Map out how you will get there. Break down the skills you need to get to where you want to go. If you want to transfer to product management, start building skills by joining hackathons or working more closely with product teams. If you are looking to join a board, seek out mentors on boards who can guide you. Have specific things you can do each month to get closer to your goal.
Stretch yourself. The best leaders are not the smartest, but rather the most adaptable and learning-oriented. Take ten minutes a day to get better at something. For me, the thing I wanted to learn to write. I started reading a lot and learning how to improve by practicing in events like NaNoWriMo.

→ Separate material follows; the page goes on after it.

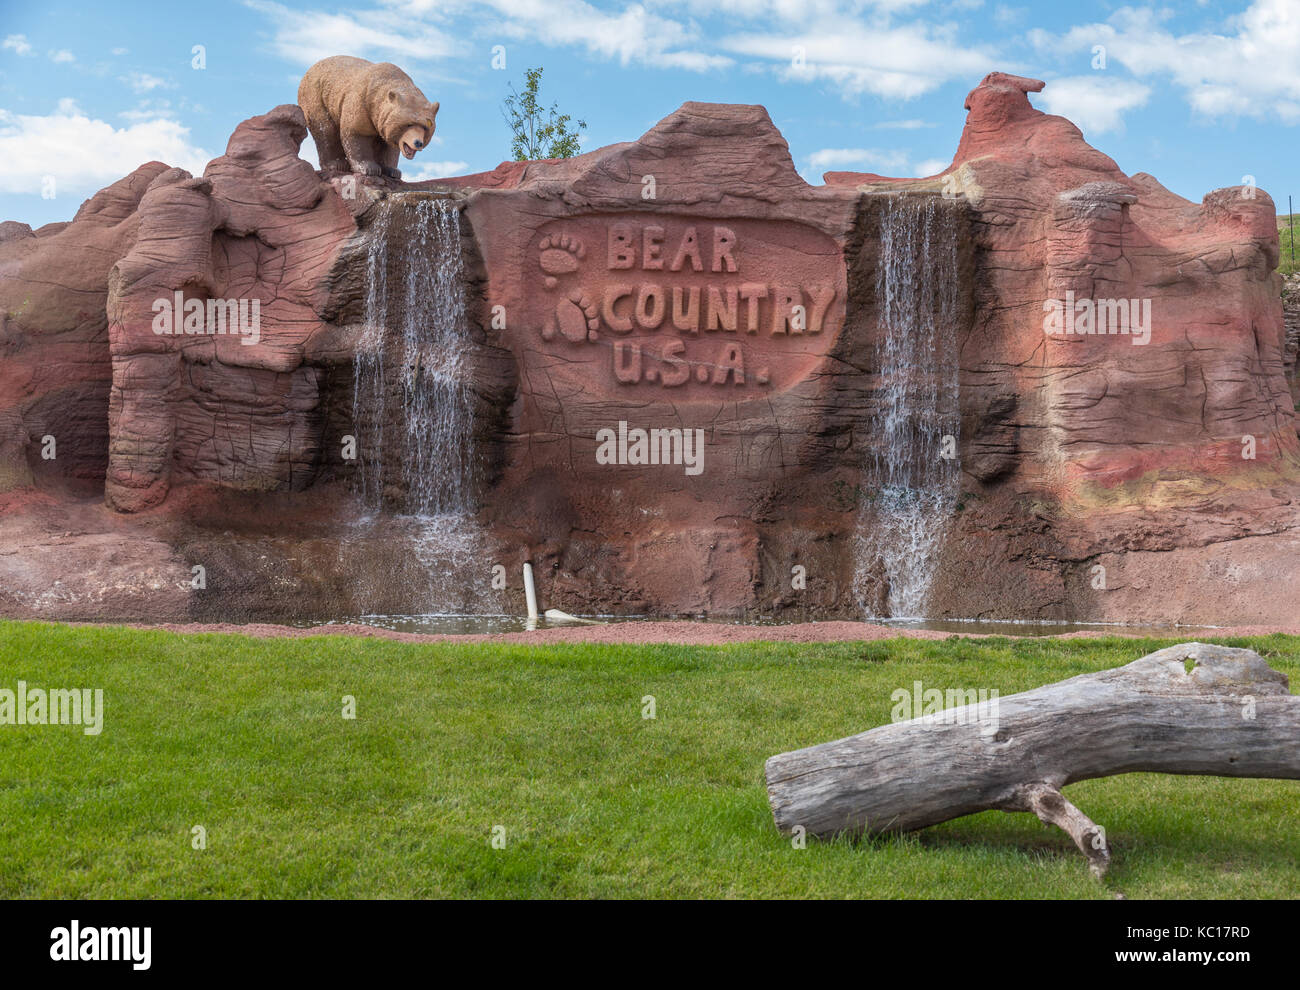 Eingang für Bear Country USA. Ein Unternehmen, das zur Schau stellt zahlreiche Tiere in South Dakota, USA. Stockfoto

When I felt like I wasn’t progressing, I hired a writing coach to get feedback on my work. Invest a small bit of time in learning each day, and slowly and steadily, you will gain a new key skill to take with you in your career.
Invest in things you can take with you anywhere. Your job today is important, but to achieve your goal, think long term. Build skills you can use no matter where you go. I spent years writing and sharing my articles internally at Facebook, but I only rarely published externally. This year, my New Year’s Resolution was to create a Substack and publish more outside of the company. Little did I know, I would take a job outside Facebook within a few months, and those who read my work came along with me for my journey. I only wish I had started sharing publicly sooner.
Careers, unlike classes, are not conducive to cramming. The key is planning and taking small steps each day to build your skills, resume, and community. Look to the future and know where you want to go. This will inform your journey.
I share these lessons because I wish someone had told me five years ago to take these simple steps. While I ended up where I ultimately wanted to be, my journey would have been much easier if I had put more planning and forethought into my destination.